Many have crusaded for the principle that America must bestow to all the same justice. Equal justice. We cherish this principle for various reasons. For one, a matter concerning an individual’s rights implicates the rights of an entire group. West Virginia cannot deny Strauder his rights because of his Blackness without infringing the rights of the entire race. For the law to afford Strauder equality, he must have it always, not merely when society sees fit to provide him that. Those twelve White men who serve on this coroner’s jury—West Virginia continually replicates this spectacle. But this murder occurred before the state will pass its jury discrimination law. In absence of that law, the police chose to summon only White men.

“Taylor Strauder killed my mother with a hatchet,” Fannie testifies inside the home, her mother’s corpse still on the floor. Gillespie issues an arrest warrant, describing Strauder as a “very light mulatto about thirty-two years of age; about five feet ten inches in stature and stoutly built” with a “rather spare face, with high cheek bones, [who] wore when last seen here a scattering beard on his chin.”

On April 25, some Pittsburgh, Pennsylvania, police officers caught the first Wheeling-bound train with Strauder in tow. The officers had arrested him in their city shingling a house the day before. When the streetcar stopped opposite Gillespie’s office, the guards removed Strauder from it, allowing an angry mob to punch him with sticks and blast him with insults. Wheeling policemen forged a path through the crowd, and Gillespie ushered Strauder and the guards into his office. Gillespie asked Strauder about his readiness for a probable cause hearing. He replied he could participate the next day.

The guards returned Strauder outside. Cries of “shoot him” and “hang him” flew from the swelling mob. The police formed two lines and, with Strauder placed in between, marched to the jail. Hundreds of onlookers tailed the contingent, berating Strauder the entire way. He passed under the rounded archway of the Ohio County jail and entered his new home, a cell.

The Black members of the mob wanted the justice system to punish the man who had slaughtered one of their own. The system, to produce that outcome, foreshadowed that it would deny Strauder his rights because of his race, a wrong states freely committed when believing courts will pardon them. Black folk would grow accustomed to this posture, seeking protection from a system that deprives them of their rights.

The next morning Strauder sat for his probable cause hearing, held in the jail. Upon learning of Strauder’s lack of legal representation, George Davenport entered the jail.
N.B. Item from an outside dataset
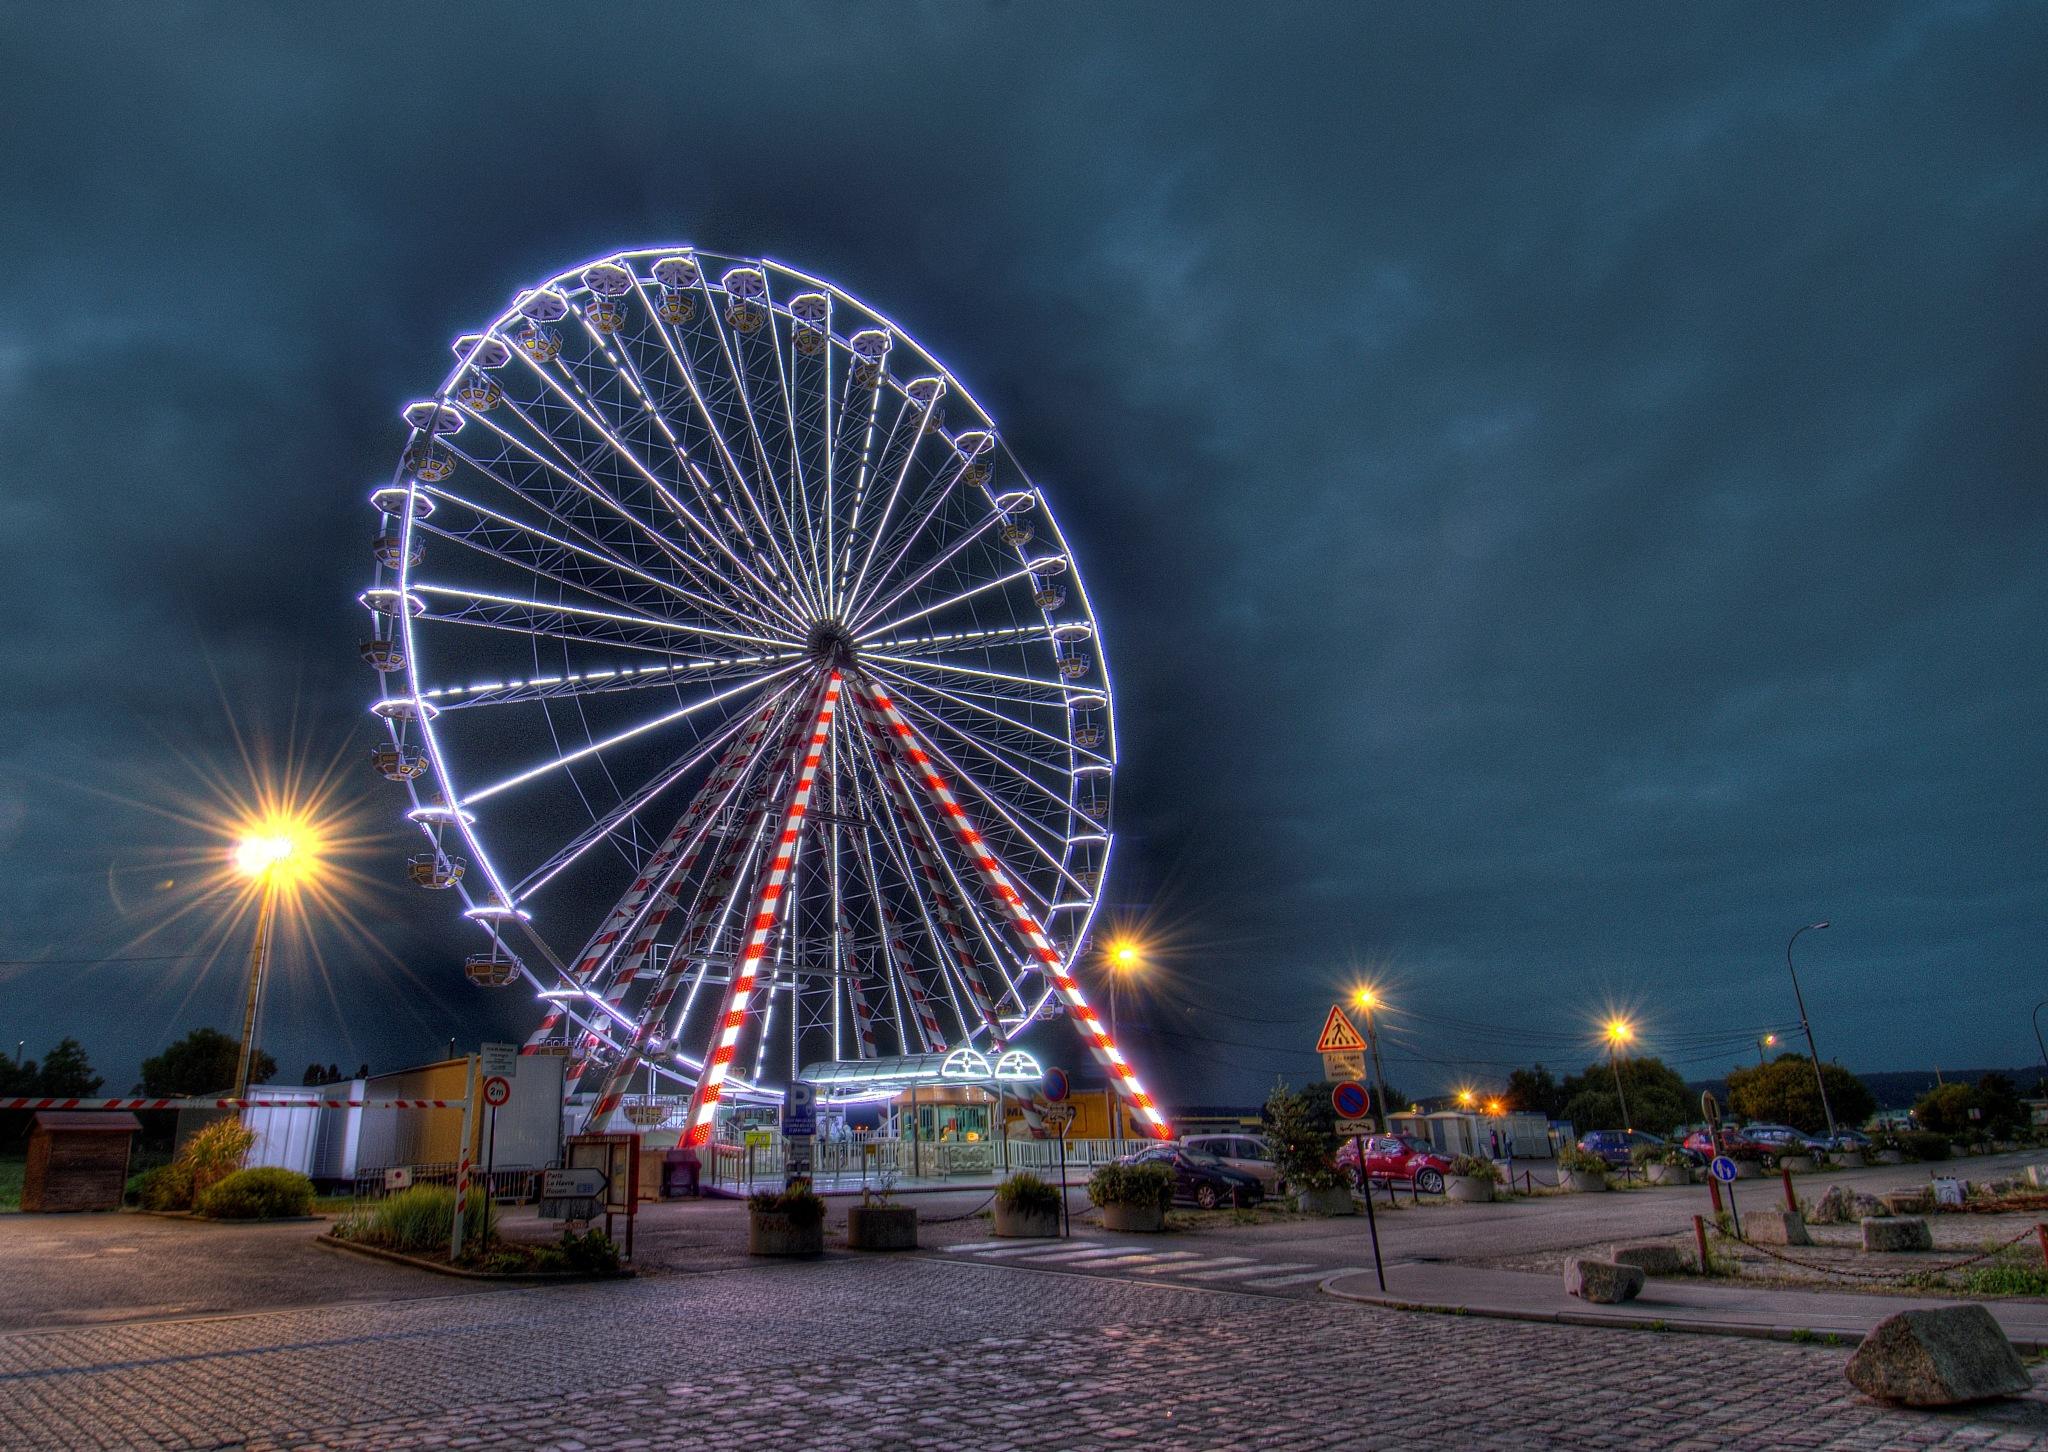 Wheel Of Fortune  by yawazzuk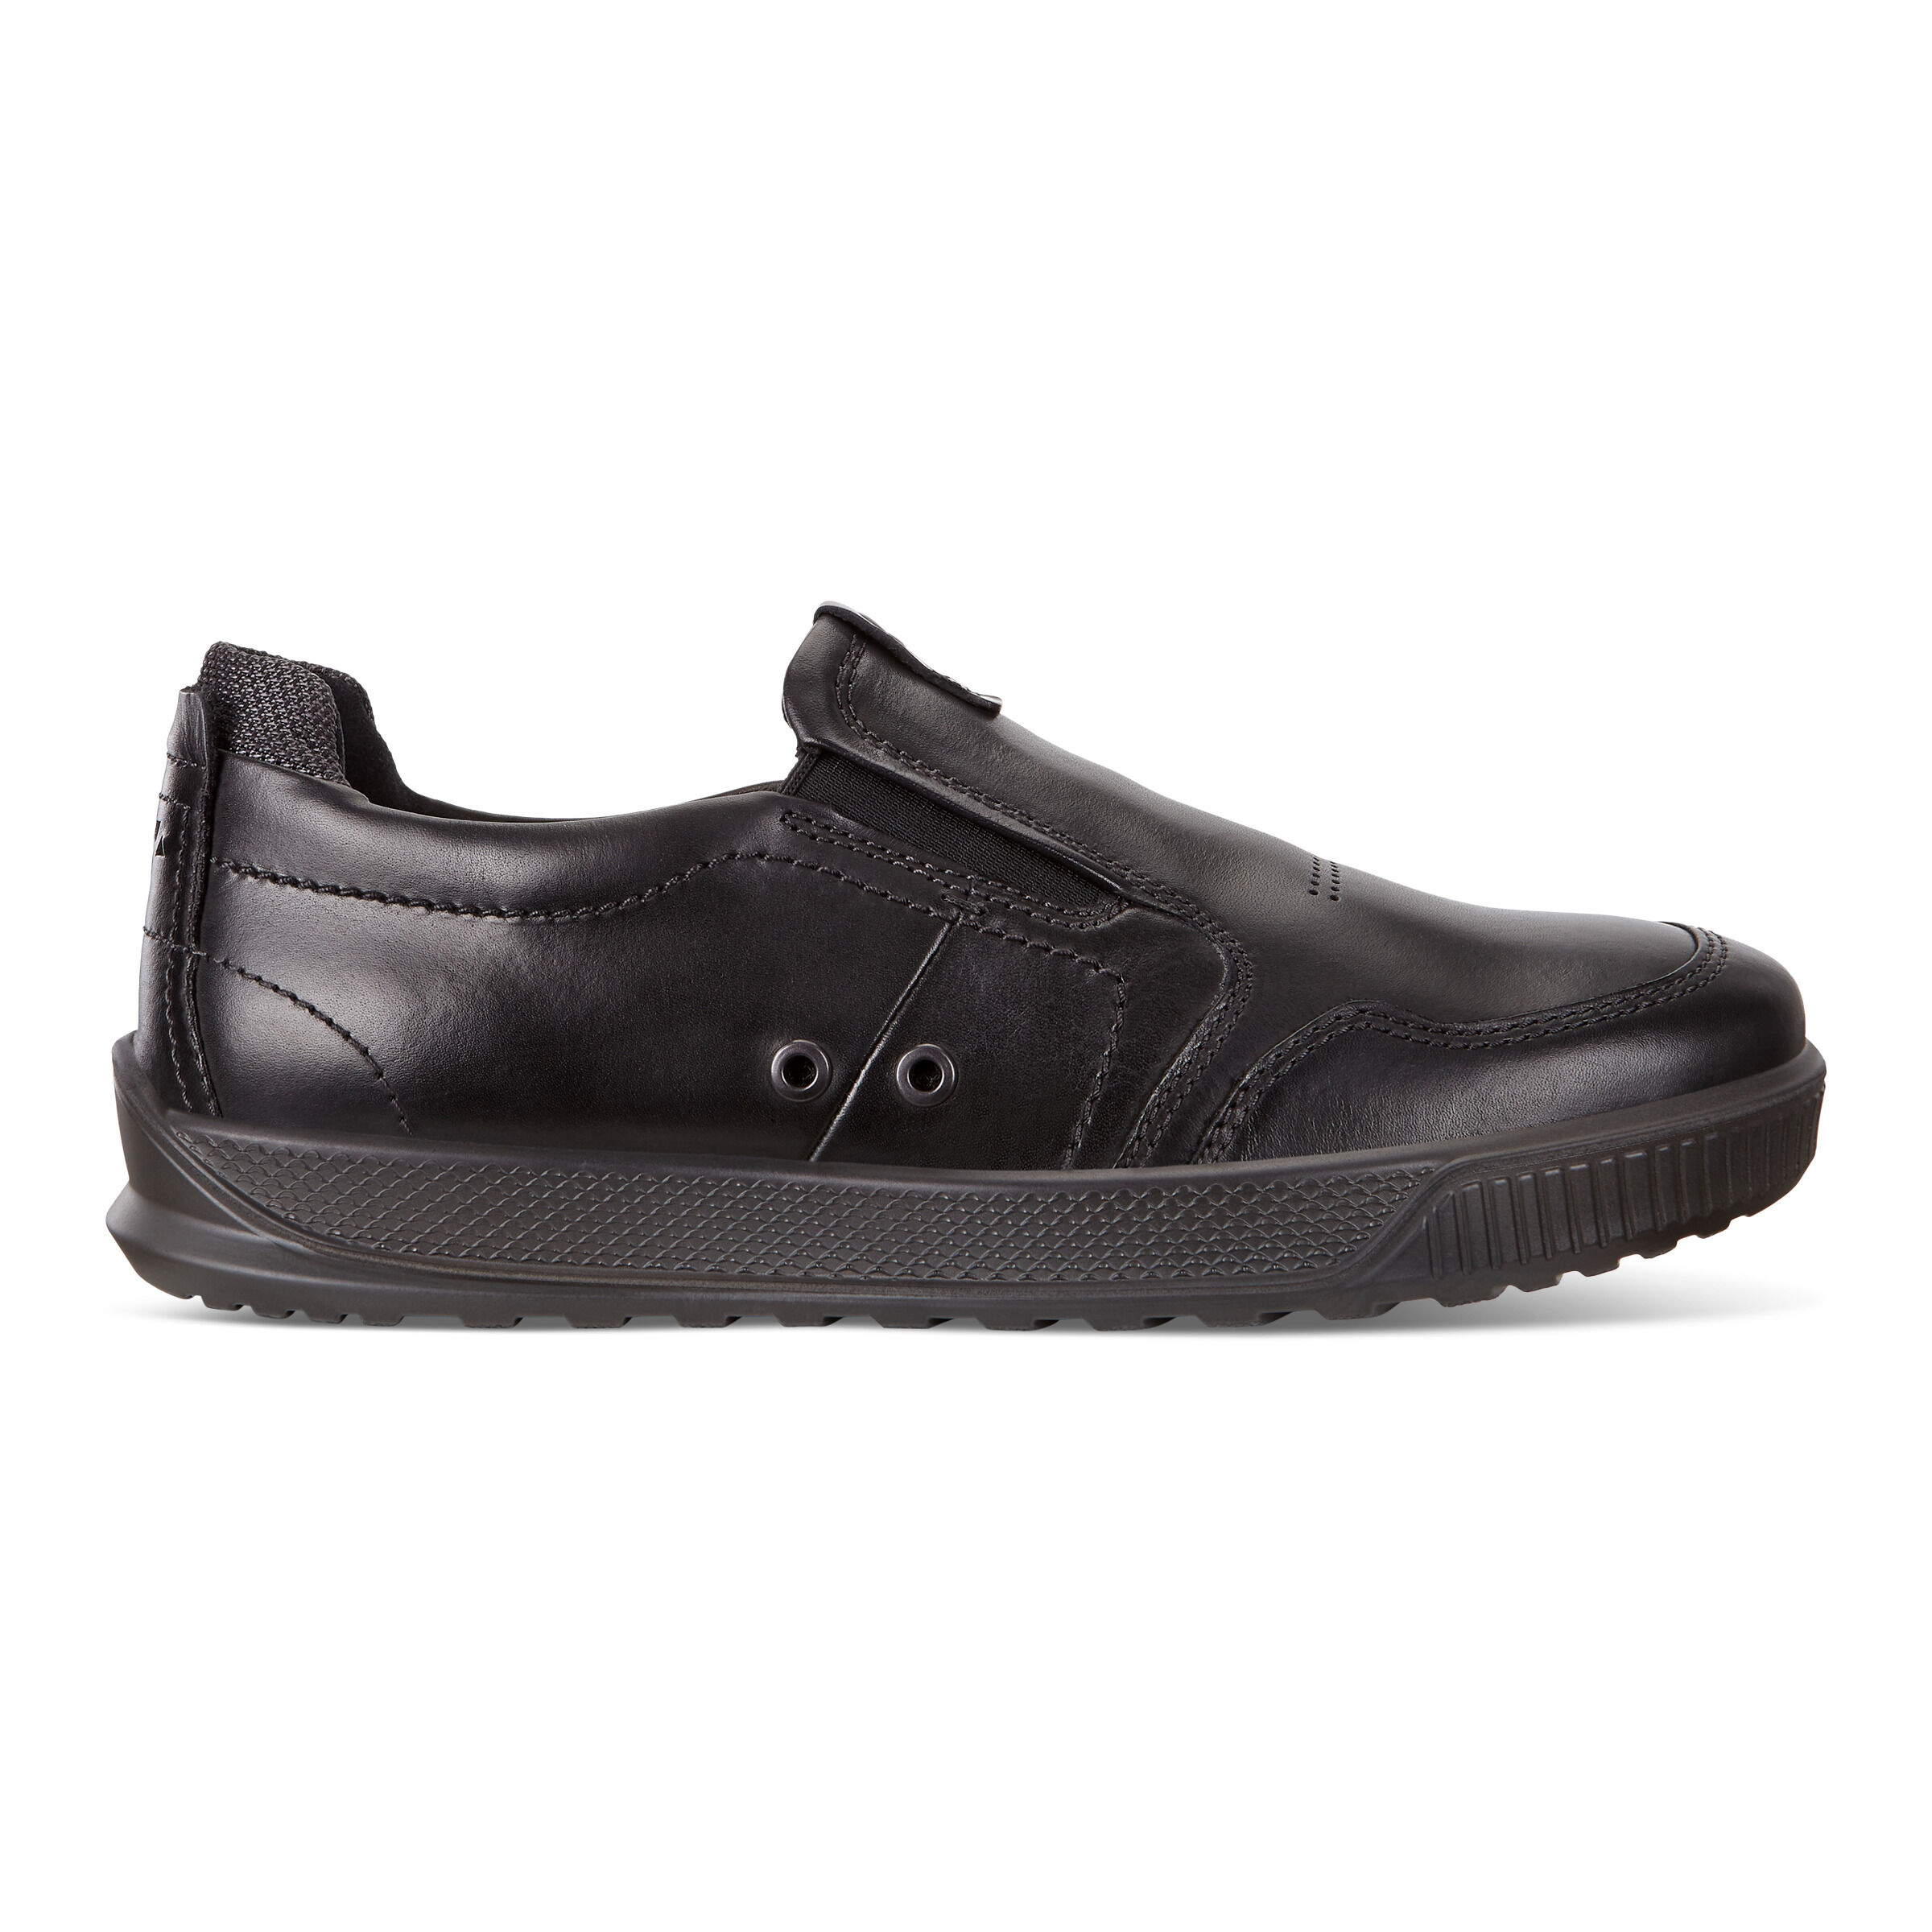 ECCO Byway Mens Slip On Sneaker

Davenport, the state legislator who would the following year oppose the exclusion of Black men from juries, conferred privately with Strauder, christening a bond that would span more years than either could have predicted. Fortune shone on the moneyless Strauder that day when Davenport, a skilled attorney of seven years, agreed to represent him pro bono.

Fortune shone on Davenport too. Strauder’s defense presented him, a well-respected member of the state bar, his last best opportunity to leave his mark on the profession. Thirty-one years old, Davenport wouldn’t see forty. With no wife or children, he threw himself into lawyering and legislating. A loyal Democrat who called his party “incorruptible,” Davenport, smart and honorable, exhibited a “natural kindheartedness and a freedom from malice and wickedness singularly attractive to those who knew him best,” a friend remarked. Davenport battled alcoholism—during a legislative session in 1873, the Speaker for the West Virginia House of Delegates had the sergeant-at-arms arrest some legislators, including Davenport, for missing votes. Davenport blamed whiskey for his absence. Four years later, he headed a Christian temperance society. One time Davenport, principled, chastised a judge he felt inadequate and threatened to imperil his career. The judge held him in contempt and sentenced him to five days in jail. On another occasion, Davenport scolded an opposing counsel during open court for untruthfulness. That counsel punched Davenport, who returned the blow.

After Fannie and other witnesses testified, the hearing ended—the state proved probable cause. On May 20, 1872, an all-White grand jury indicted Strauder for murder. Davenport twice asked for continuances, stalling the case a year. Not until May 8, 1873, two months after the state legislature passed its jury discrimination law, did Strauder hear a verdict.

“We the jury find the prisoner guilty of murder in the first degree,” said the foreman. Strauder “sank to his seat, overcome, his legs refusing to longer sustain him,” a reporter observed. Two months later, Judge Thayer Melvin sentenced him to be hanged. The Supreme Court of Appeals of West Virginia, however, reversed his conviction on an arcane technicality, granting Strauder another trial.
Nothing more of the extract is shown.